While trying to install gentoo 2006.0 from the live cd on a system with a windows installation on (hd0,0) (grub-speak) using the graphical installation method, the partition tool created an superflous partition boot record on an extended partition containing both an NTFS partition and a swap partition (being created). The result was the following layout, unfortunately transcribed from the notes I took due to not remembering that I should save info for the bug report. These are probably not 100% accurate, but the problem should be apparent: /dev/hda0: NTFS, start sector: 63, total sectors: 81,915,372 /dev/hda1: reiserfs, start sector: 81,915,435, total sectors: 49,255,290 /dev/hda2: extended, start sector: 131,170,725, total sectors: 181,389,915 EPBR: start sector: 131,170,725, total sectors: 63 EPBR: start sector: 131,170,726, total sectors: 2,152,709 /dev/hda3: swap, start sector: 131,170,851, total sectors: 2,152,584 /dev/hda4: NTFS(broken), start sector: 133,323,435, total sectors: 179,237,205 As you can see, the boot sector containing information about the NTFS partition was destroyed by the partition tool when creating the swap partition, and it seemed that both of the entries created were misaligned as well, and therefore unusable. The data on the NTFS partition was recoverable so it doesn't seem as if the partition was actually overwritten, but I would still class this as a pretty dire mistake by the partition tool.
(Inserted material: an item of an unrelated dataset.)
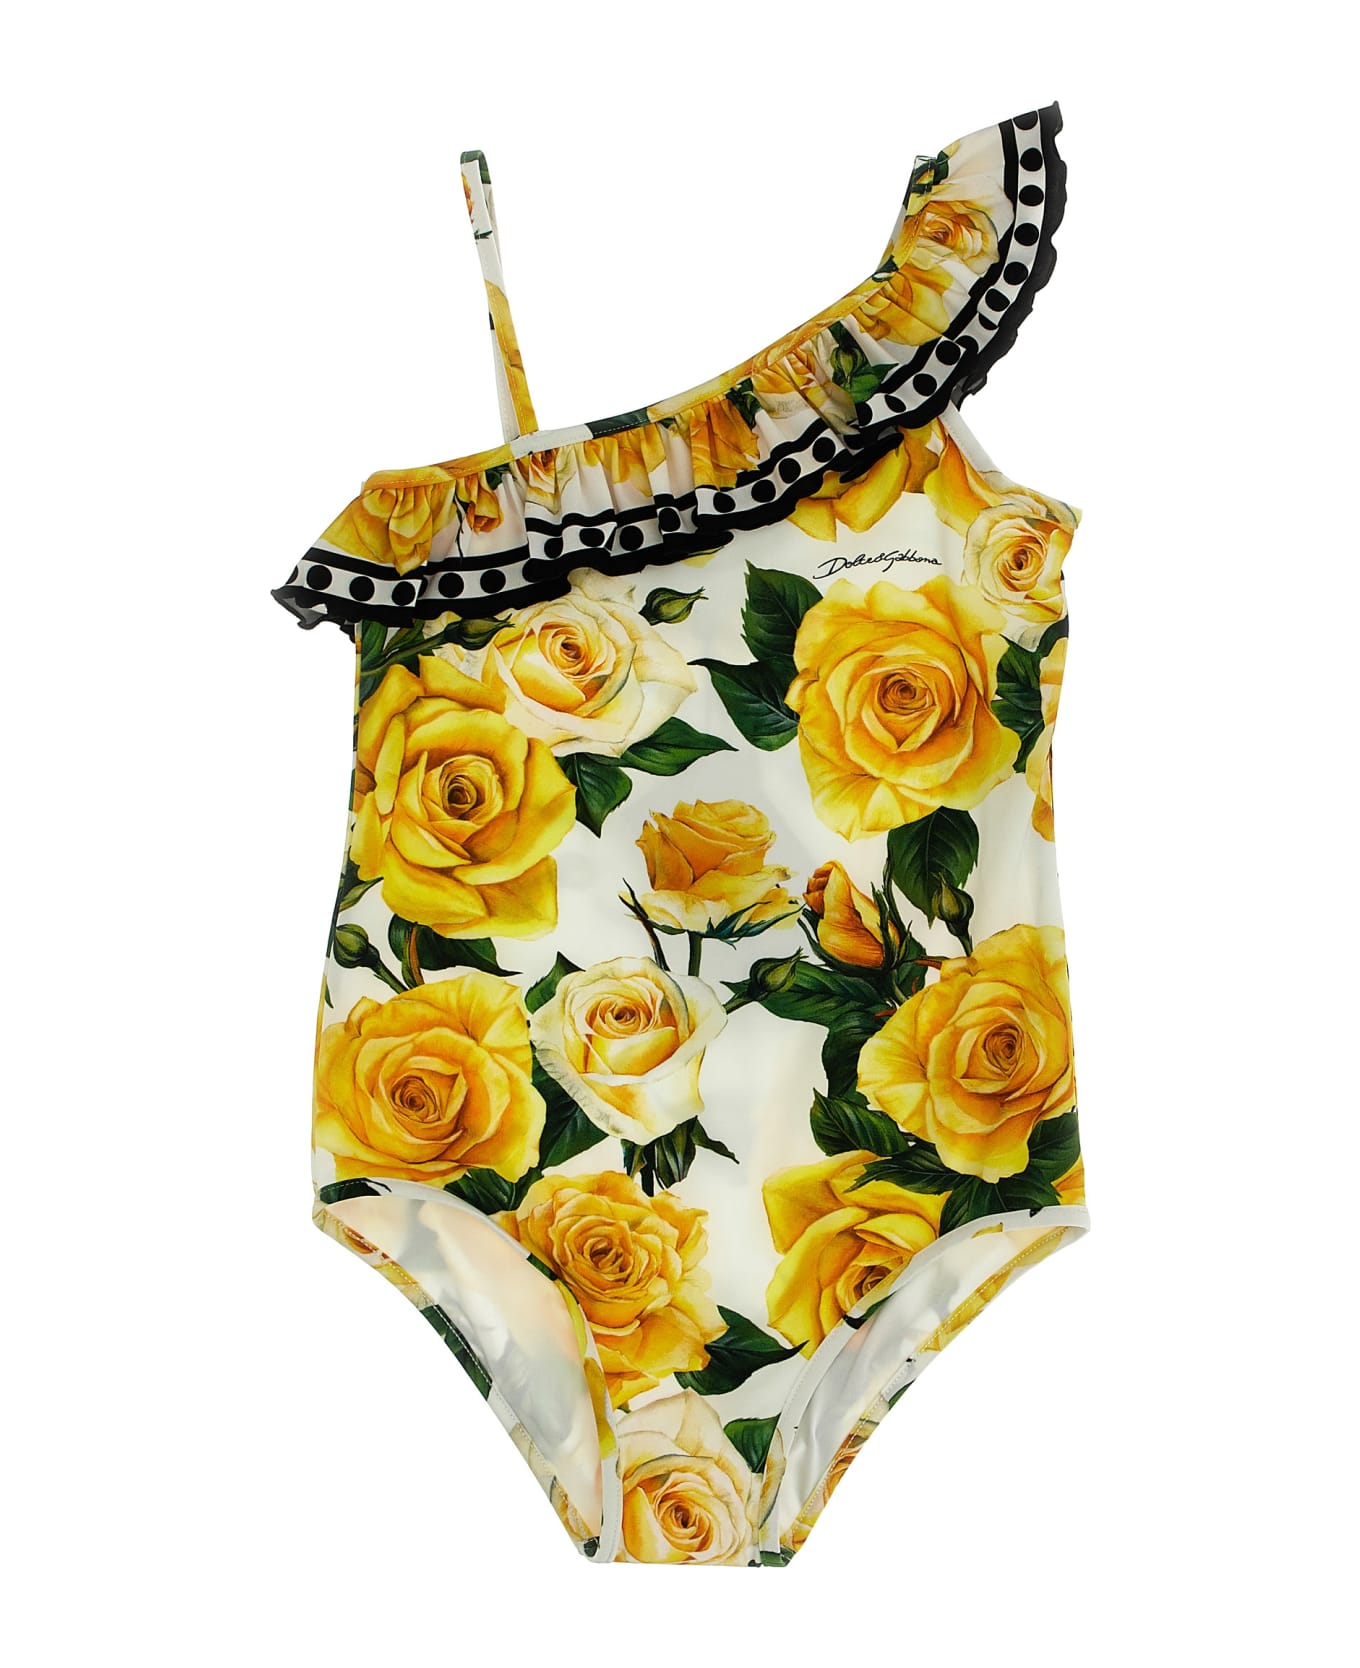 Dolce & Gabbana 'rose Gialle' One-piece Swimsuit - Multicolor

Of course I probably got something wrong somewhere, but I can't figure out what that might be.
What program did that data come from? The first partition should be hda1 and any logical partitions should be hda5 or higher. Second, without the original disk layout, this bug report doesn't have any useful information for me.
Yeah, I realise this is pretty useless information, but I thought I'd report it even so. The partitions were sequential but yeah, the exact device ids are wrong. I got that info from a recovery program and it wasn't obvious how to map it back to fdisks format (oh, and I tend to revert to 0-based indexing without realising it). basically how it looked before was hda1: NTFS hda2: ext3 hda3: extended (somewhere here there's a boot record with 2 entries) hda5: NTFS hda6: swap What I did was I removed the existing ext3 and swap partitions and created new ones in their places. It seemed as if the new swap partition was enumerated before the preexisting NTFS partition, but no data seems to have been overwritten so I am not sure how that would map to actual sector use..
Uhh, how can the boot record be in the extended partition? The x86 BIOS can only boot from one of the 4 primary partitions.